Jamie Glazov interviews Olga Velikanova





[Jamie Glazov is Frontpage Magazine's editor. He holds a Ph.D. in History with a specialty in Russian, U.S. and Canadian foreign policy.]

Frontpage Interview’s guest today is Olga Velikanova, an Assistant Professor of Russian History at the University of North Texas. She was among the first scholars to work with declassified Communist Party and secret police archives. Her research about everyday Stalinism, the cult of Lenin and Russian popular opinion has been broadcast by the BBC, Finnish and Russian radio and TV, as well as the History Channel in Canada. She is the author of Making of an Idol: On Uses of Lenin, The Public Perception of the Cult of Lenin Based on the Archival Materials and The Myth of the Besieged Fortress: Soviet Mass Perception in the 1920s-1930s. She is a recipient of many awards from different international research foundations.

FP: Olga Velikanova, welcome to Frontpage Interview.

I would like to talk to you today about the Commission to Counter Attempts to Falsify History to the Detriment of Russia’s Interests, which Russian president Dmitry Medvedev created a year ago, on May 19, 2009. What are the goals of this Commission exactly and what has it achieved?

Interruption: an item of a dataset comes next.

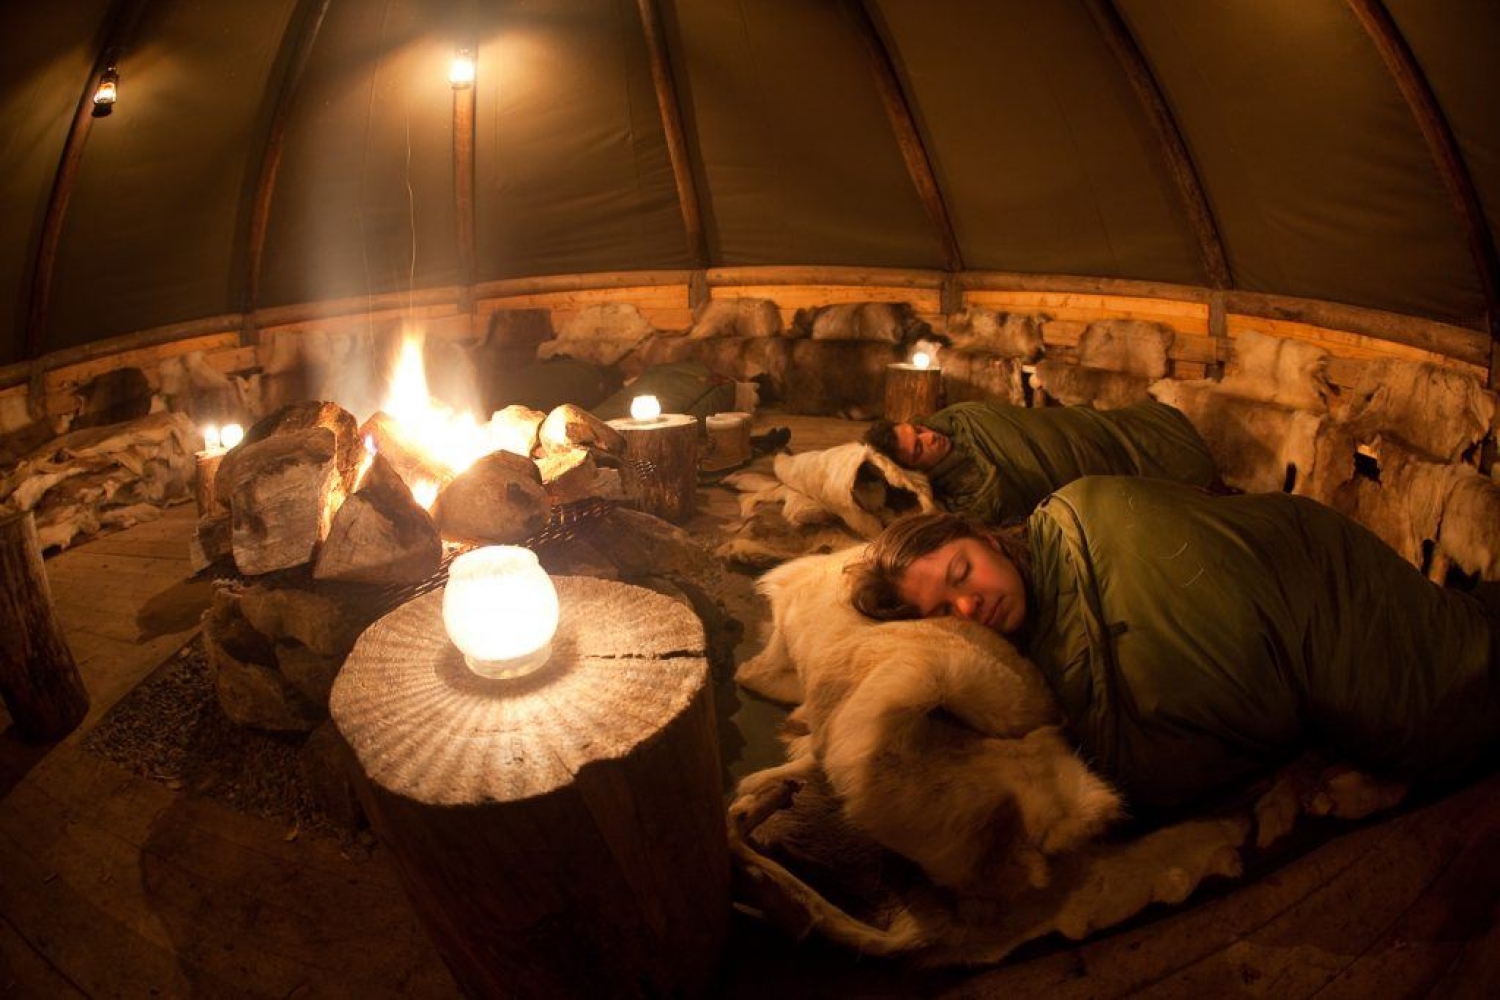 guests sleeping in one of the lavvos/huts
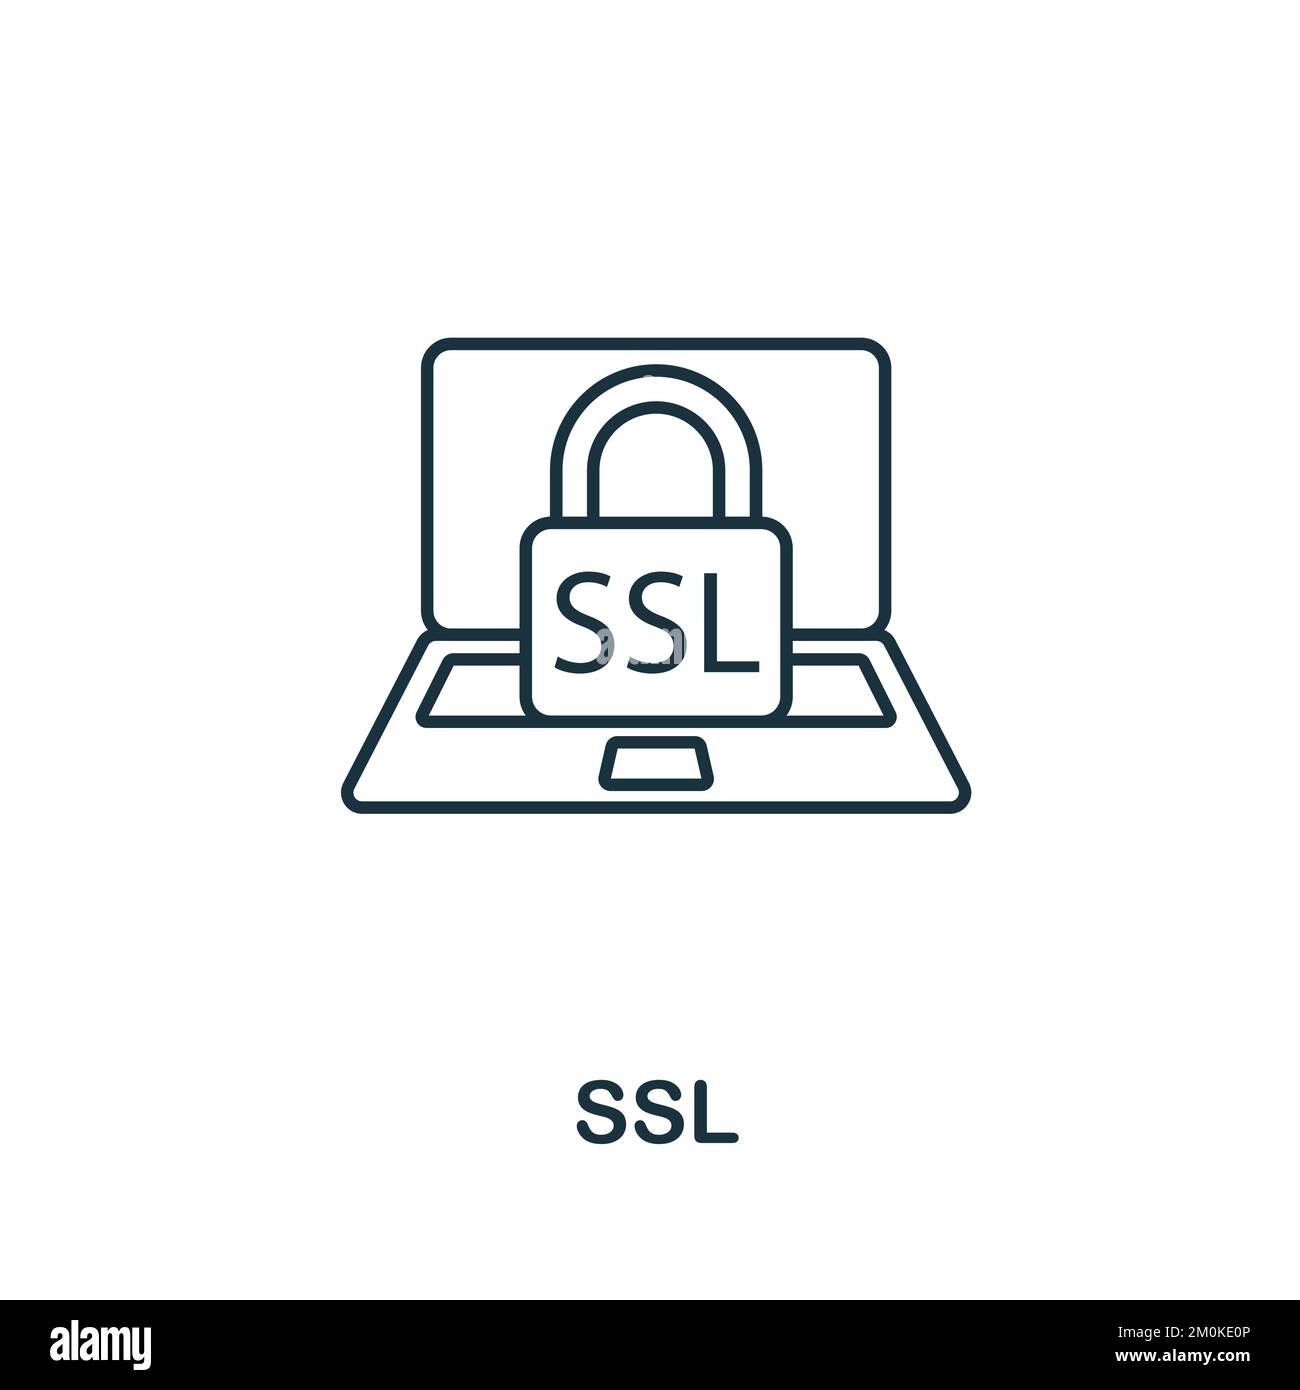 Ssl icon. Monochrome simple Cyber Security icon for templates, web design and infographics Stock Vector

Velikanova: Thank you, Jamie.

A yearago, as you say, on May 19, 2009, Russian president Dmitry Medvedev created the Commission to Counter Attempts to Falsify History to the Detriment of Russia’s Interests.This Commission puzzled many historians. Was it an offensive against freedom of thought and speech? Did it open a door for possible repression of historians who would “undermine” the national image of Russia by bringing up unpleasant things about Russia’s national identity and the cruel truth about the Soviet past?

Without a doubt, we see a Stalinist-like intervention of the state occurring right before our eyes. It is an intervention into the historical profession and an imposition of boundaries on historical study.

The idea of the Commission was initiated by the Russian Ministry of Foreign affairs to oppose attempts by the Western neighbors of Russia to return to a discussion about the beginning and the results of WWII, and the role of the USSR in the post-war settlement.  Primarily, this Commission was an instrument of struggle in foreign relations. It was a signal to Russian historians and media what positions they “should” take in their publications.

While Poland, Estonia, Latvia and Lithuania have interpreted the occupation of their countries by the USSR in 1944-45 as enslavement, Soviet historiography has presented it as a liberation. As Baltic states argue, liberation from one dictatorial regime (Nazis) was followed by the onslaught and imposition of another dictatorial regime (Soviet). This account of two regimes was supported by the OSCE resolution on July 3, 2009, which stated equality of the role of Nazi Germany and the USSR in starting WWII. In response, the Russian media protested against any comparison of the two regimes of the 1930s.

Thus, the formation of the Commission should be read mostly in the context of foreign relations in the Baltic region (especially with Poland), rooted in the painful events of 1939-1945 and also in Russian-Ukrainian relations.